§ **Data provided**
== Segment start ==

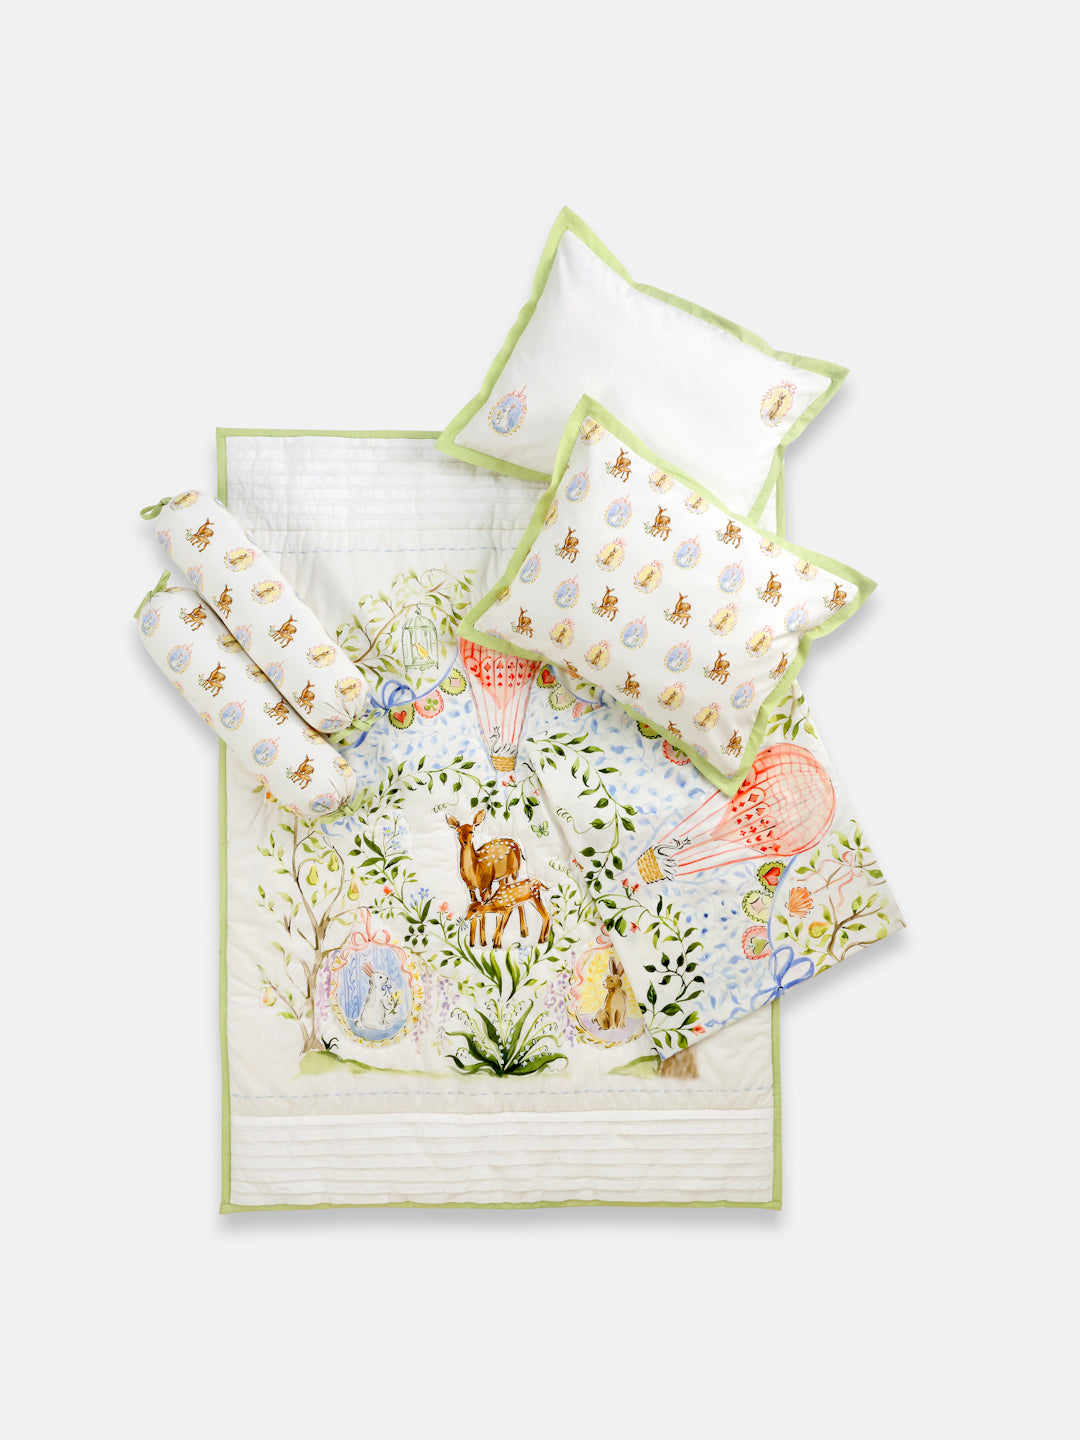 Quilt & Bedding Set - Pack of 3 (Enchanted Deer)
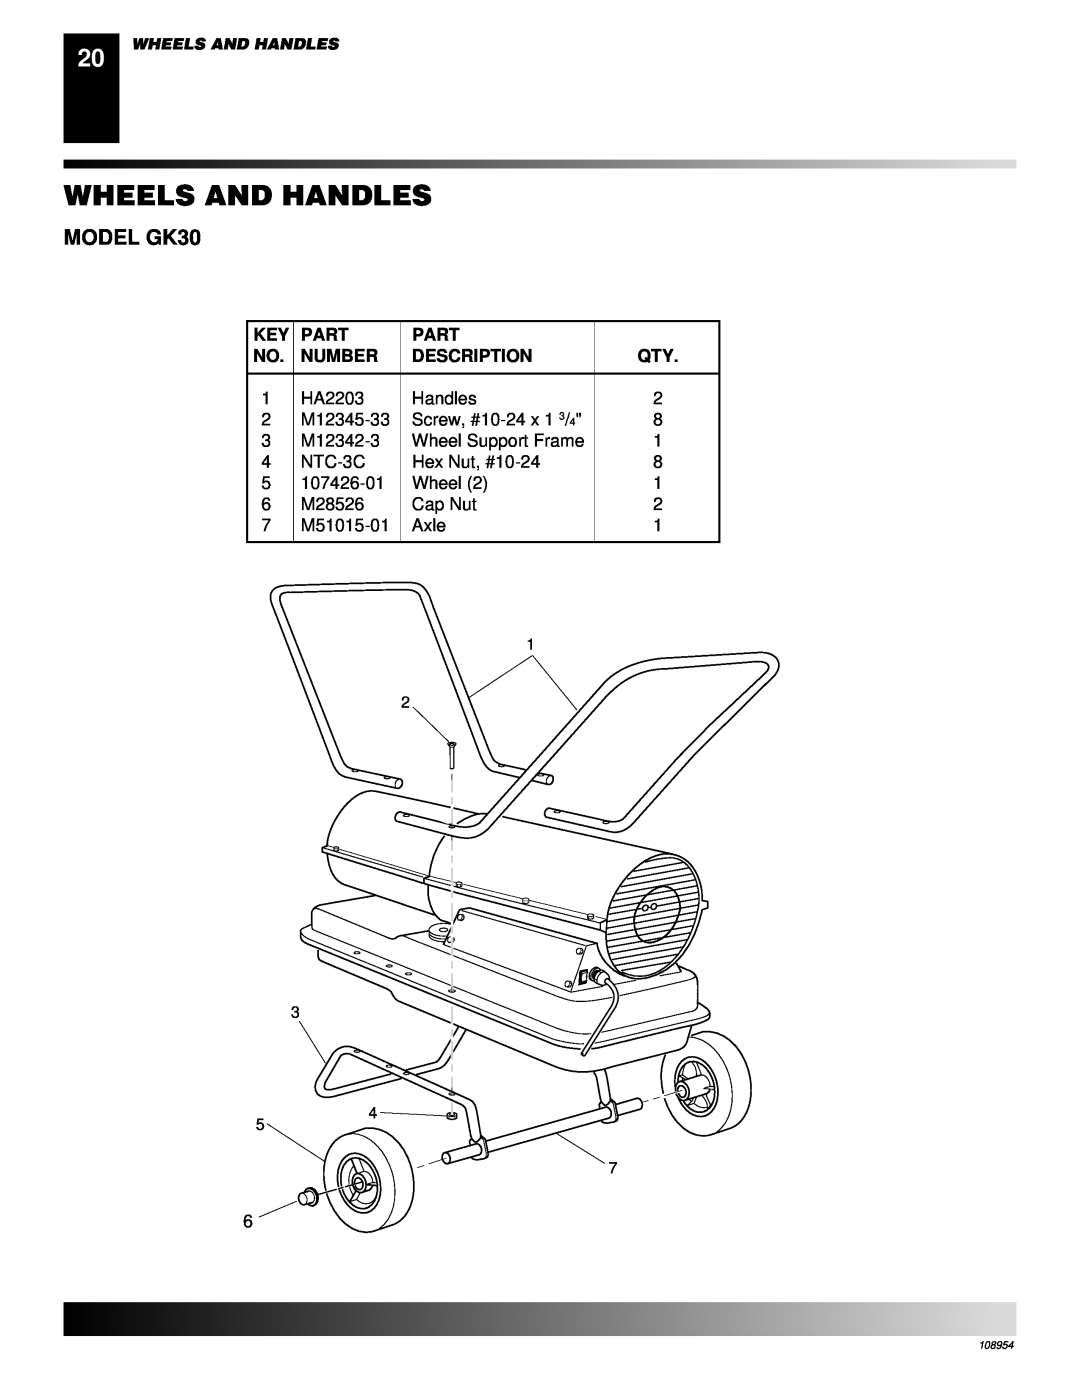 Desa GK20 owner manual Wheels And Handles, MODEL GK30, Part, Number, Description 
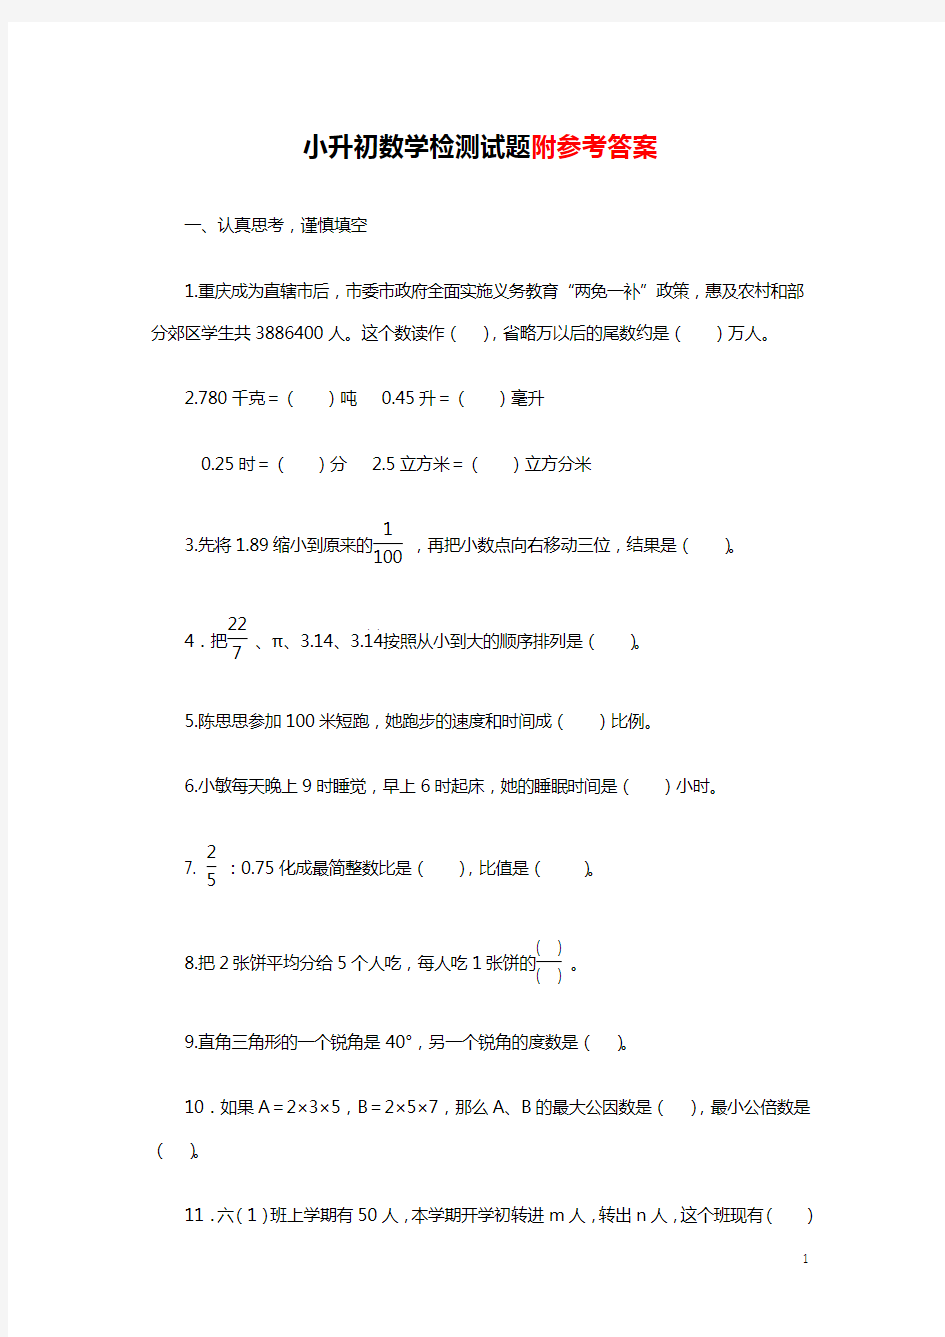 【2018最新】重庆市小升初数学检测试题及答案(经典题型汇总)
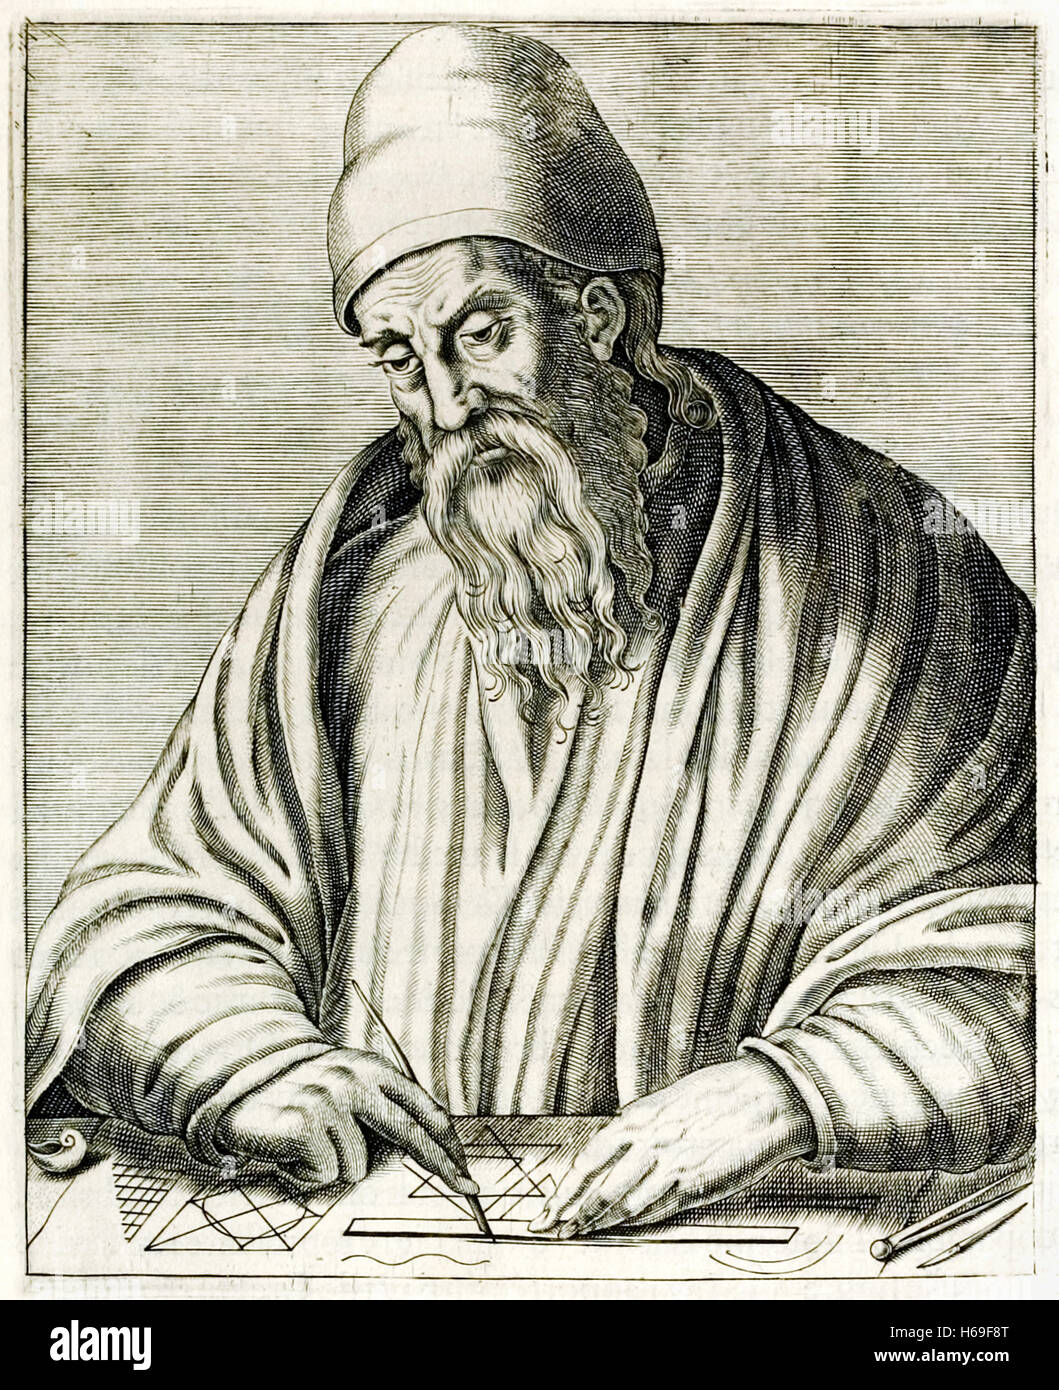 Griechischer Mathematiker Euklid von Alexandria (450-350BC), der "Elemente" eines der einflussreichsten Werke in der Geschichte der Mathematik schrieb. Kupferstich von Frère André Thévet (1516-1590) veröffentlichte im Jahre 1584. Siehe Beschreibung für mehr Informationen. Stockfoto

== Segment end ==

The response consists of the data above printed line for line, with no pictures.

§ **Reply**
 Quilt & Bedding Set - Pack of 3 (Enchanted Deer)
 Desa GK20 owner manual Wheels And Handles, MODEL GK30, Part, Number, Description 
 【2018最新】重庆市小升初数学检测试题及答案(经典题型汇总)
 Griechischer Mathematiker Euklid von Alexandria (450-350BC), der "Elemente" eines der einflussreichsten Werke in der Geschichte der Mathematik schrieb. Kupferstich von Frère André Thévet (1516-1590) veröffentlichte im Jahre 1584. Siehe Beschreibung für mehr Informationen. Stockfoto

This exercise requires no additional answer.